Константин Косачев: Да, конечно, они существуют. Есть четко прописанные процедуры создания политических партий. И наши «несогласные», которые выходят сейчас на площади, я не понимаю, почему они не занимаются реальной политикой, а занимаются политикой уличной. У нас есть целая группа либеральных партий, которые давно могли бы между собой договориться, пройти в парламент и реально претендовать на власть. А они этого не делают. Они раз за разом предпочитают идти на выборы отдельно, самостоятельно, каждый из них, увы, не претендует на большее число процентов, чем 3-5, или что-то типа этого. И они раз за разом остаются вне политического процесса. А механизмы есть.

Данила Гальперович: Константин Иосифович, вы сидели в одном парламенте с Владимиром Рыжковым. Вам рассказать, как не регистрировали Республиканскую партию?

Константин Косачев: Если можете, то расскажите.

Данила Гальперович: Я думаю, что вы вполне можете узнать об этом в Минюсте. Но человек, который, между прочим, вполне привязан к нашей сегодняшней передаче, поскольку возглавляет Общественный клуб России в объединенной Европе, Владимир Рыжков не смог зарегистрировать Республиканскую партию.

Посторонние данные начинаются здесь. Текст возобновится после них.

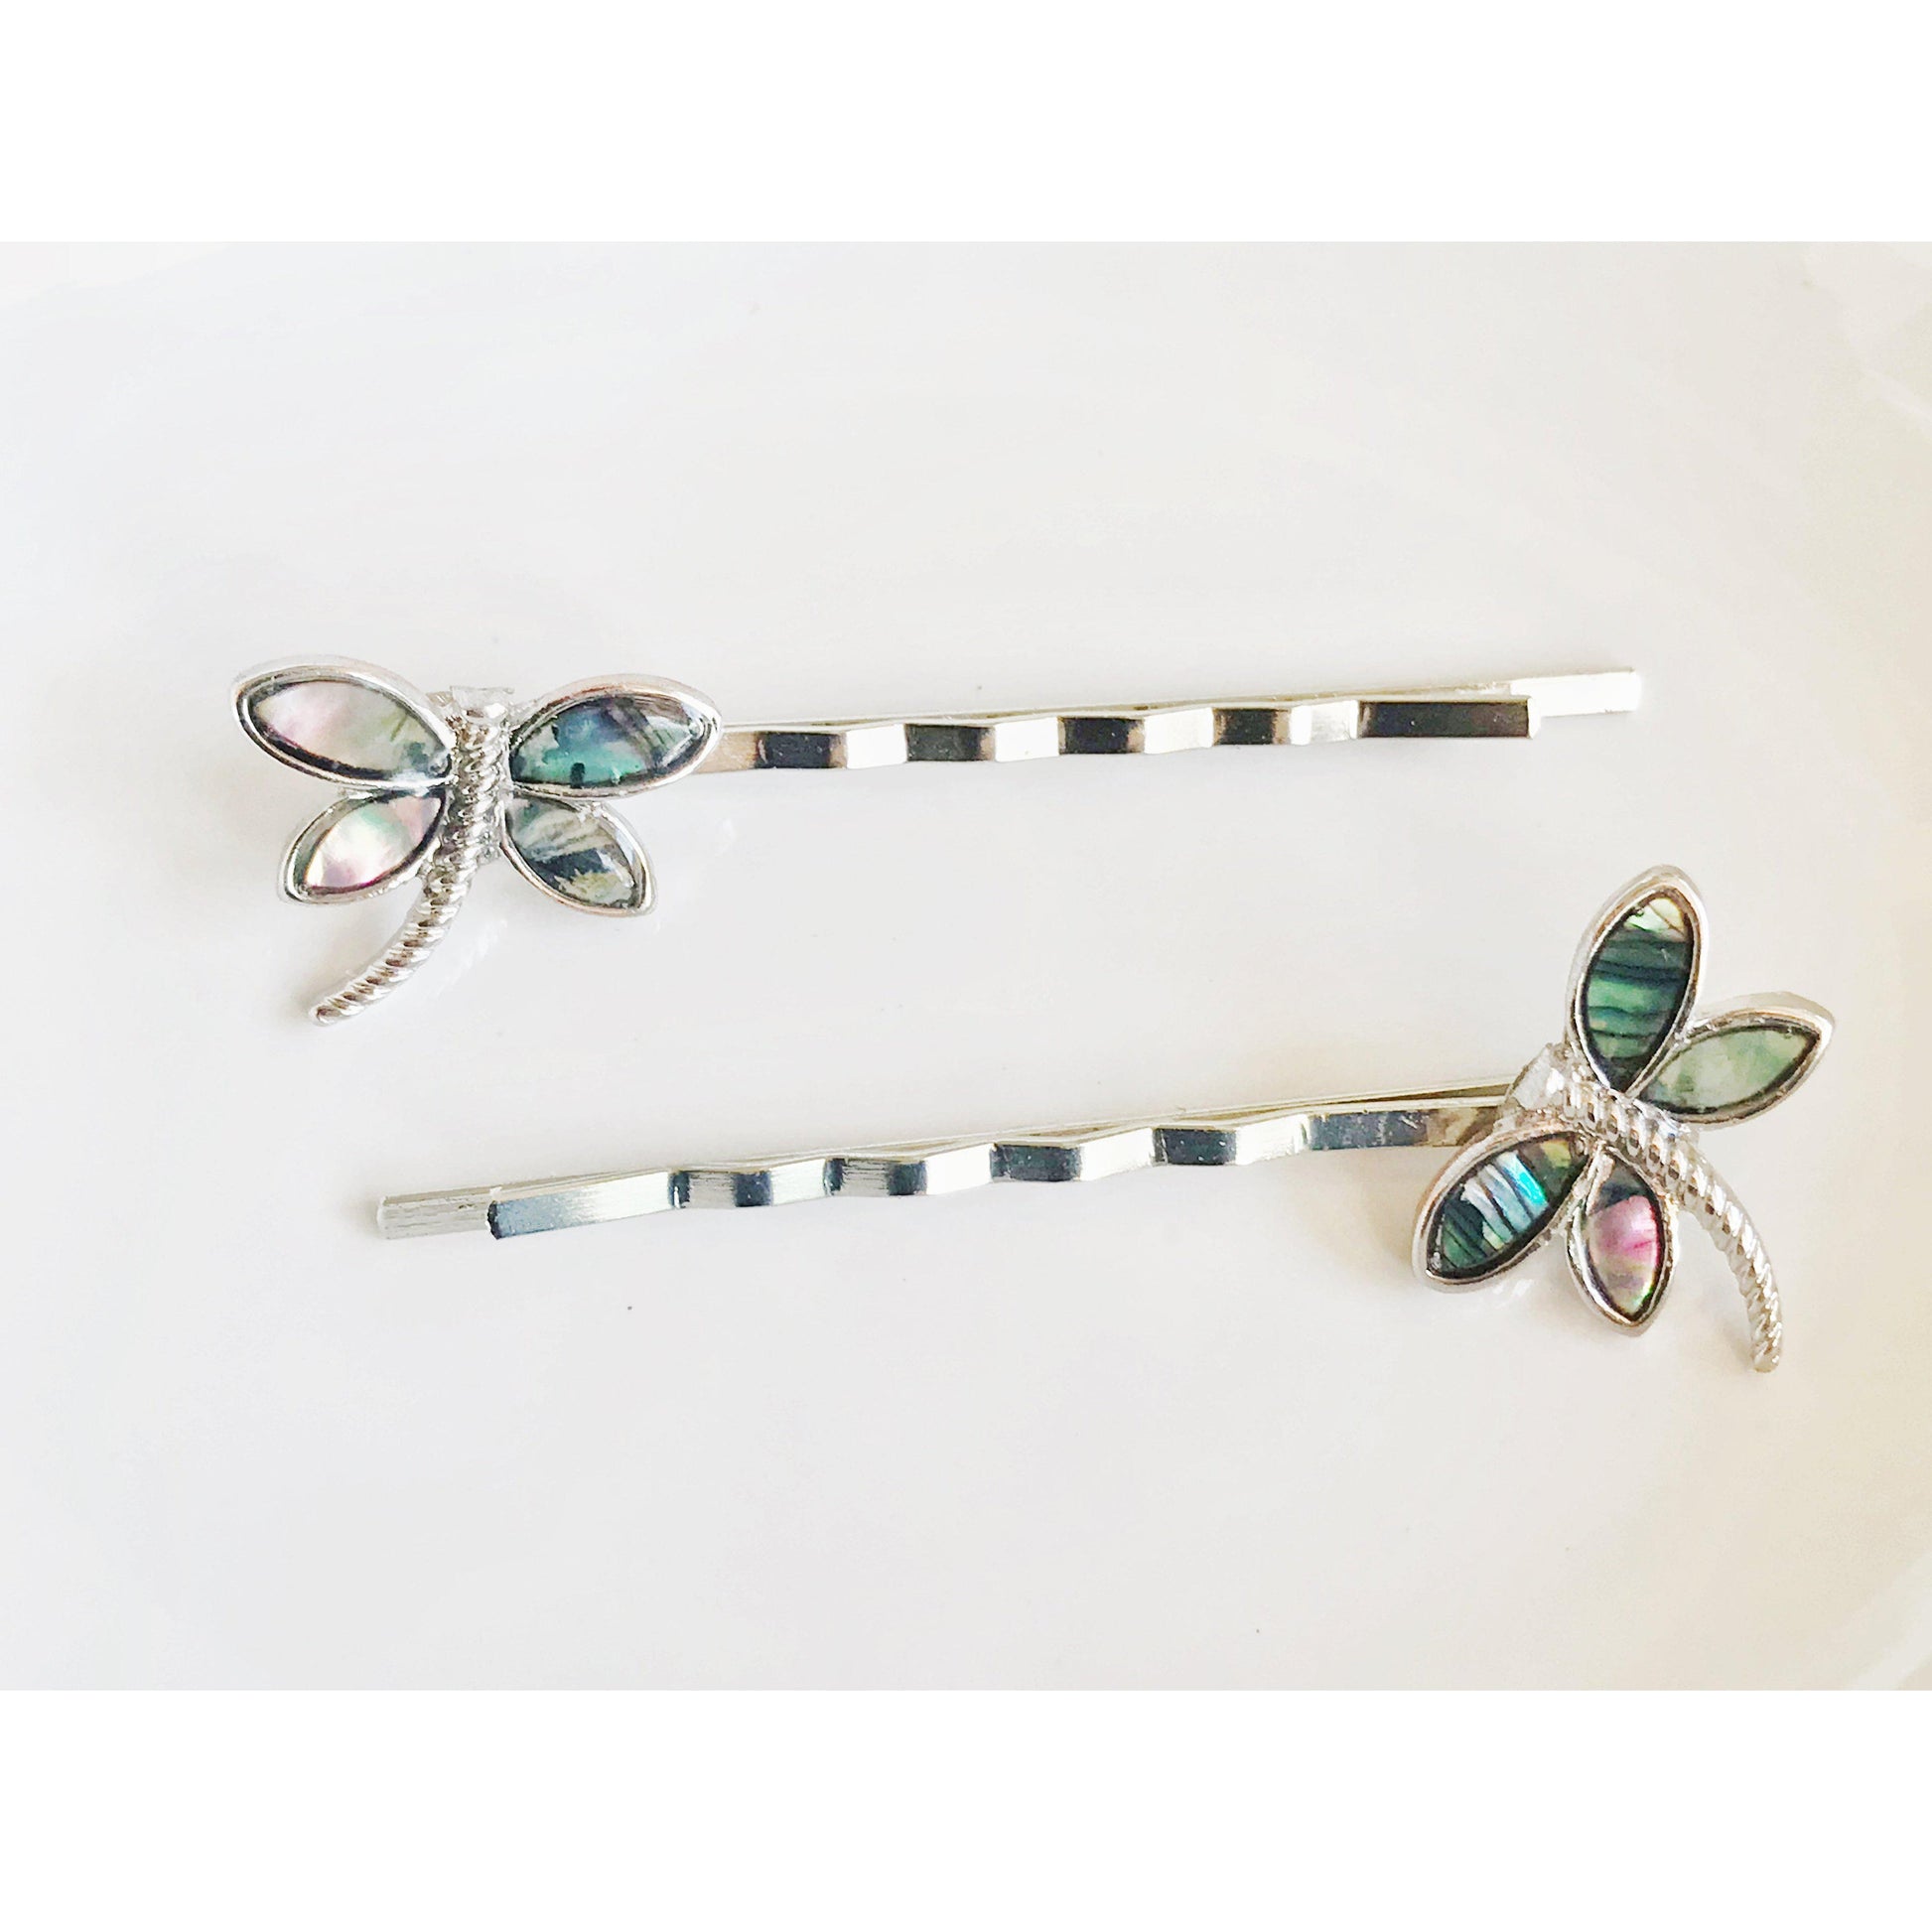 Women's Natural Shell Abalone Dragonfly Bobby Pin Hair Accessories - Exquisite Nature-Inspired Styling

Константин Косачев: Я не исключаю, что он этого не сделал по каким-то абсолютно законным причинам и основаниям. Я знаю совершенно досконально, что когда у нас были выборы президента с участием очевидного оппозиционера господина Касьянова, сколько усилий приложила власть к тому, чтобы сохранить его в числе претендентов. Потому что все прекрасно понимали, какой будет шум, если он не будет зарегистрирован. И не получилось, несмотря на все усилия, потому что слишком некачественными были документы господина Касьянова. Какими были документы господина Рыжкова, не знаю. Но совершенно точно знаю, что кроме господина Рыжкова и Республиканской партии у нас есть зарегистрированное «Яблоко», у нас есть зарегистрированный «Союз правых сил», у нас есть много других организаций, которые совершенно спокойно могут быть зарегистрированными, могут объединяться, могут идти во власть и побеждать на этих выборах, если они поставят перед собой такую цель. Не происходит этого. Когда «Единая Россия» возникала, мы создавались на базе соперничающих группировок, точнее, политических движений, которые очень жестко конкурировали на каких-то выборах, но которые в какой-то момент переступили через эти противоречия и создали мощную политическую силу, которая пришла к власти. Вот этот шанс существует у политиков любого идеологического толка – справа, слева. Давайте серьезно конкурировать.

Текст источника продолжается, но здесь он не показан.